**Extracted entries**
---------------
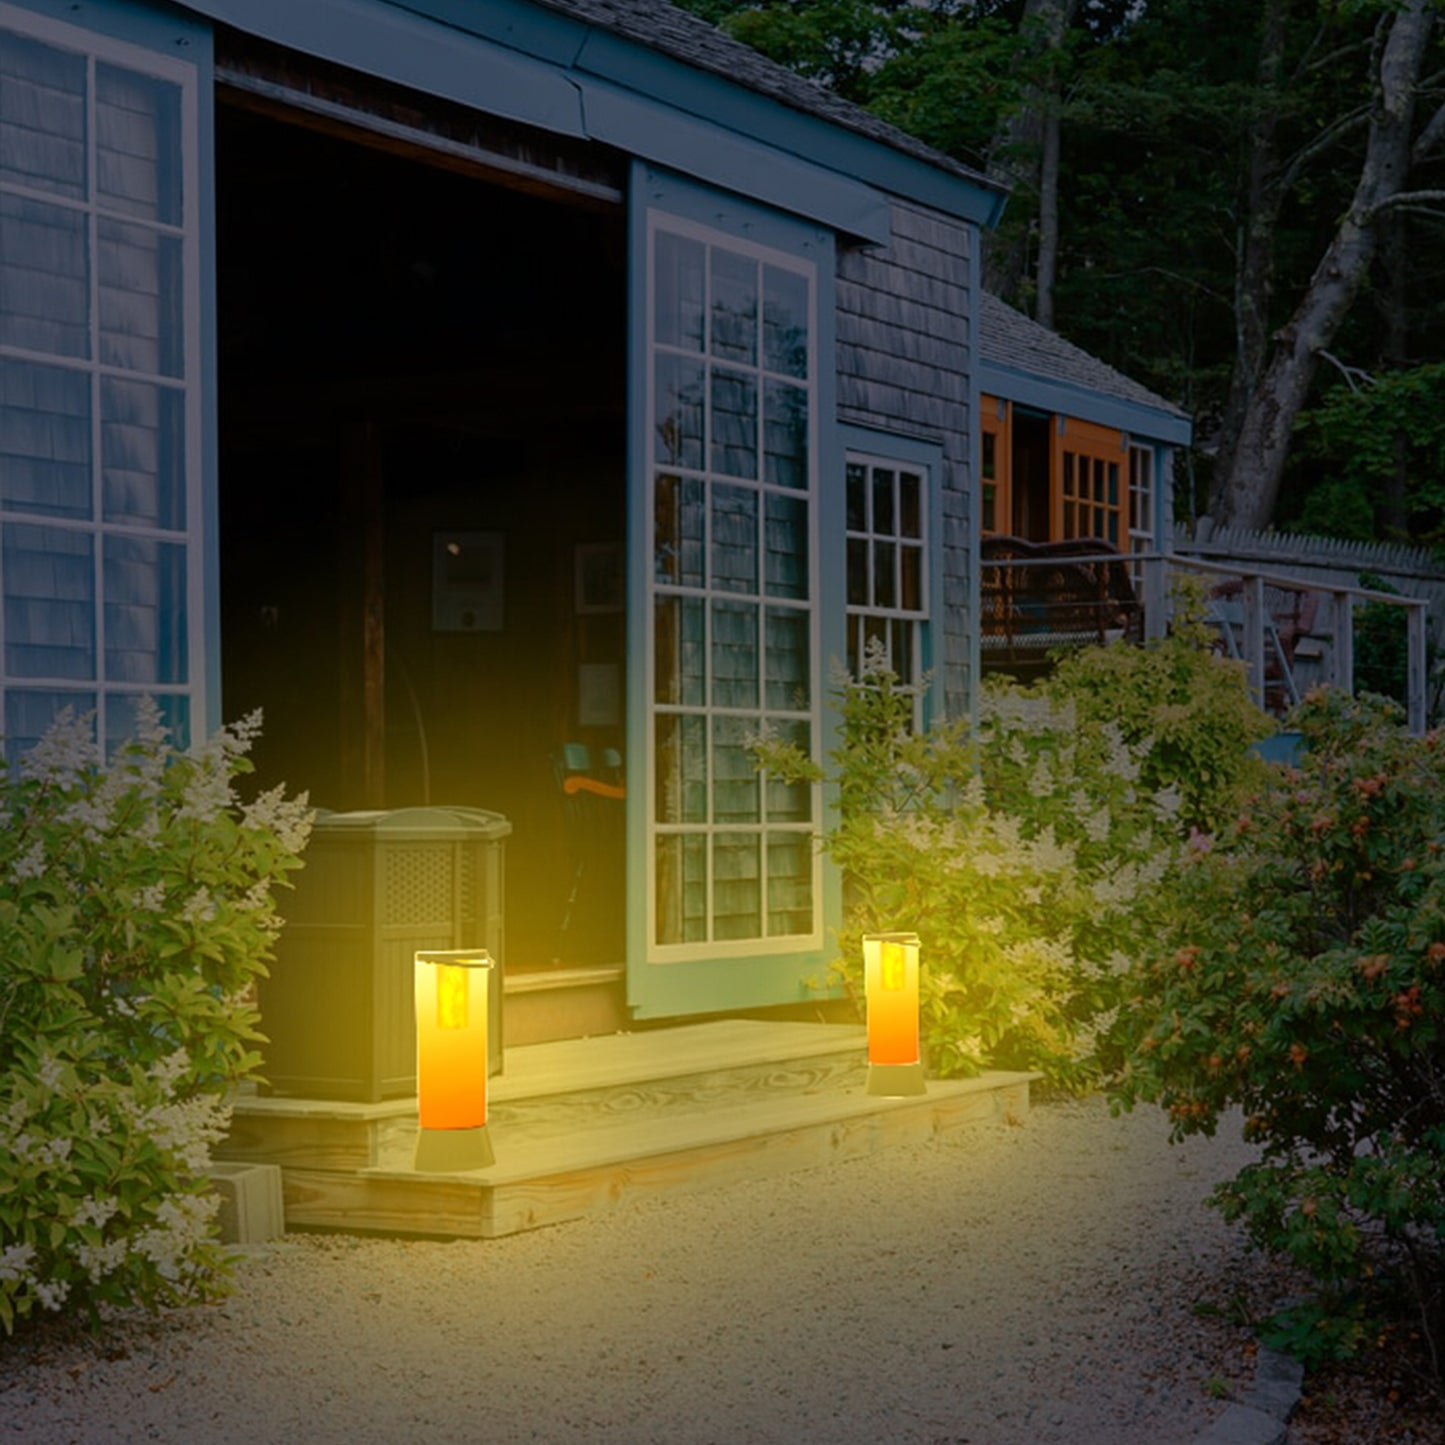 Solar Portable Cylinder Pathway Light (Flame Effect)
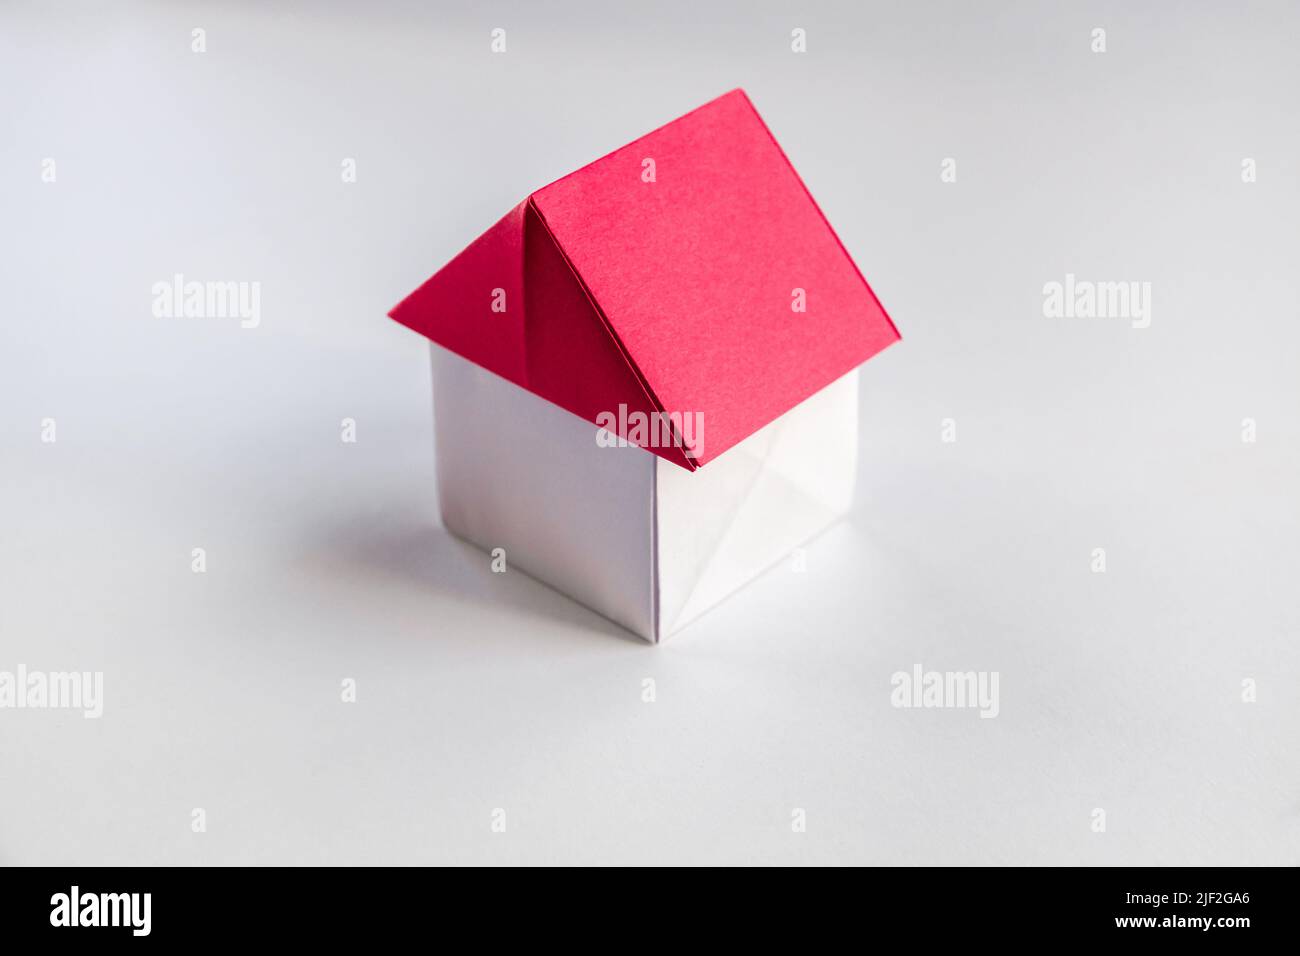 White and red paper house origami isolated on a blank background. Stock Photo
---------------
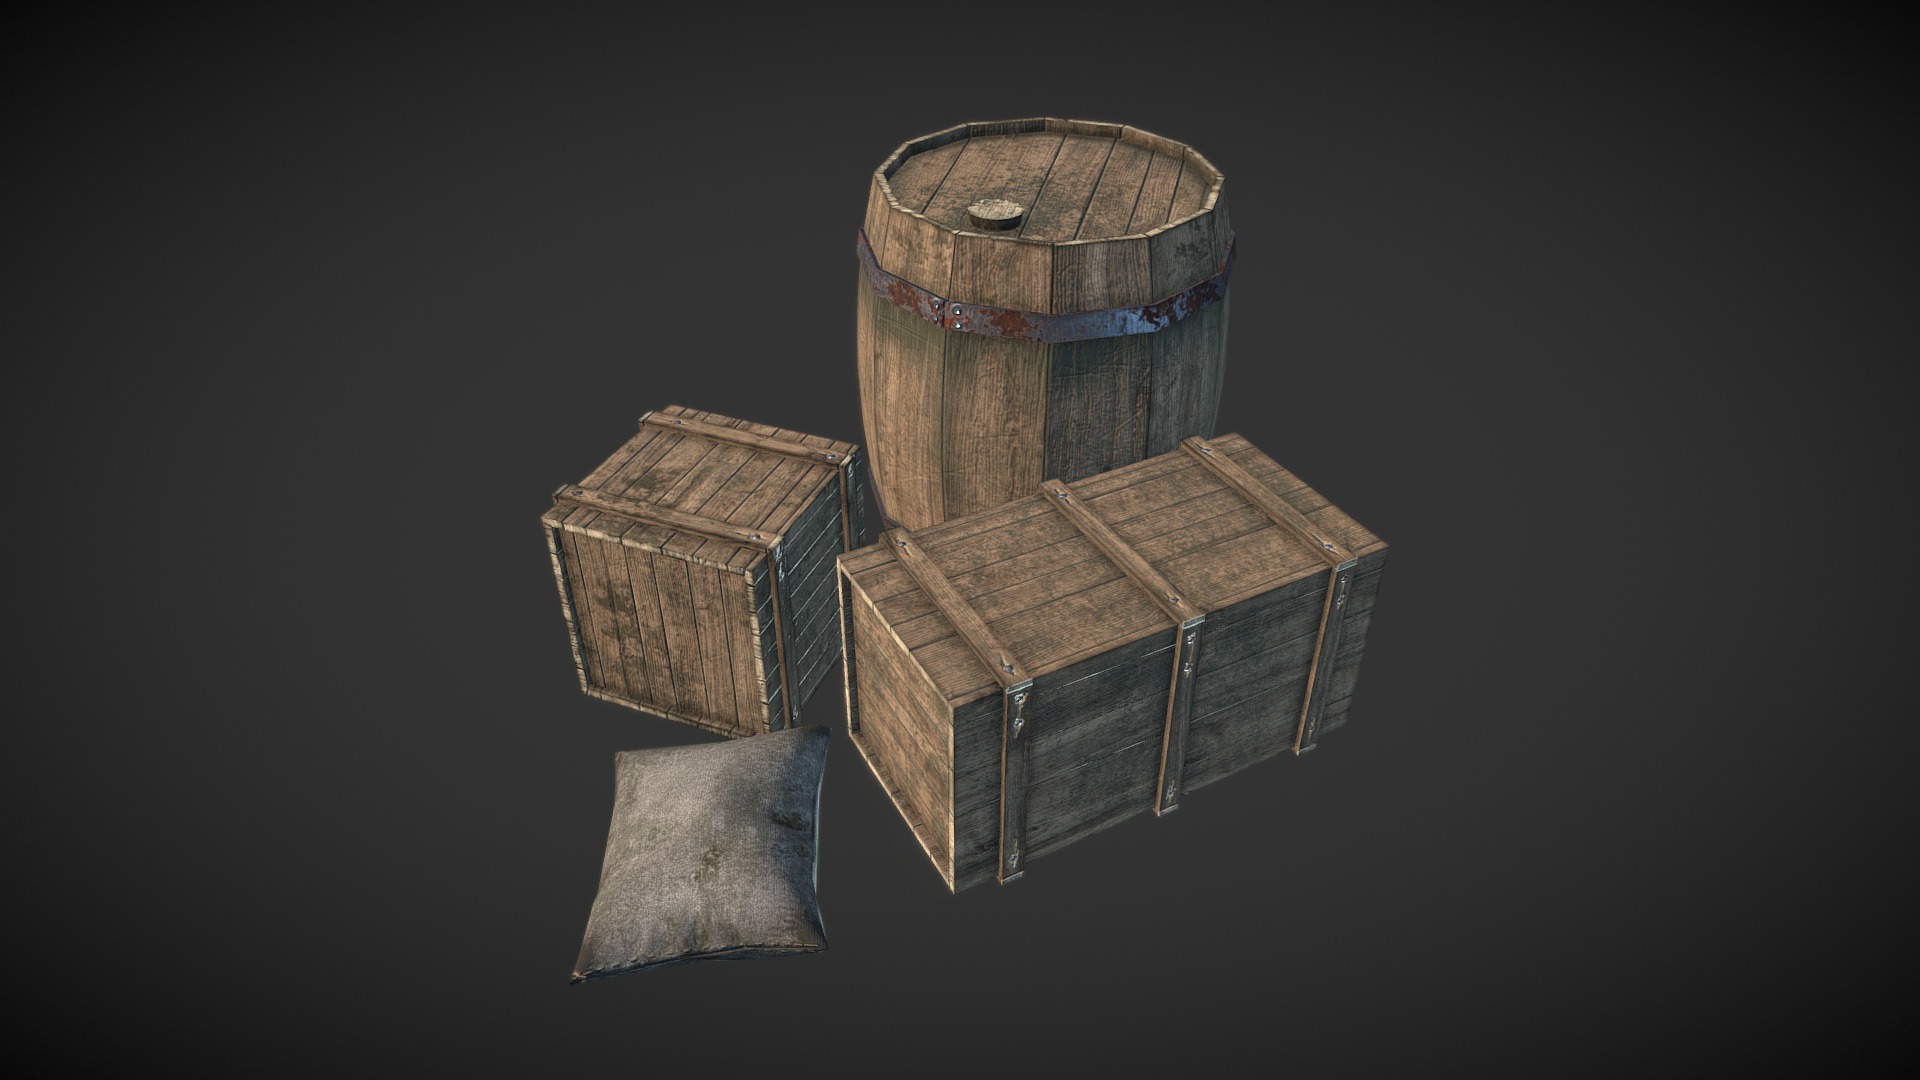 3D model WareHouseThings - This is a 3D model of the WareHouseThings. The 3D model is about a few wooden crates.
---------------
The material above holds pictures; leave them out and set down exactly the lines from the line with "Solar Portable Cylinder" to the line with "White and red", both included.

 Solar Portable Cylinder Pathway Light (Flame Effect)
 White and red paper house origami isolated on a blank background. Stock Photo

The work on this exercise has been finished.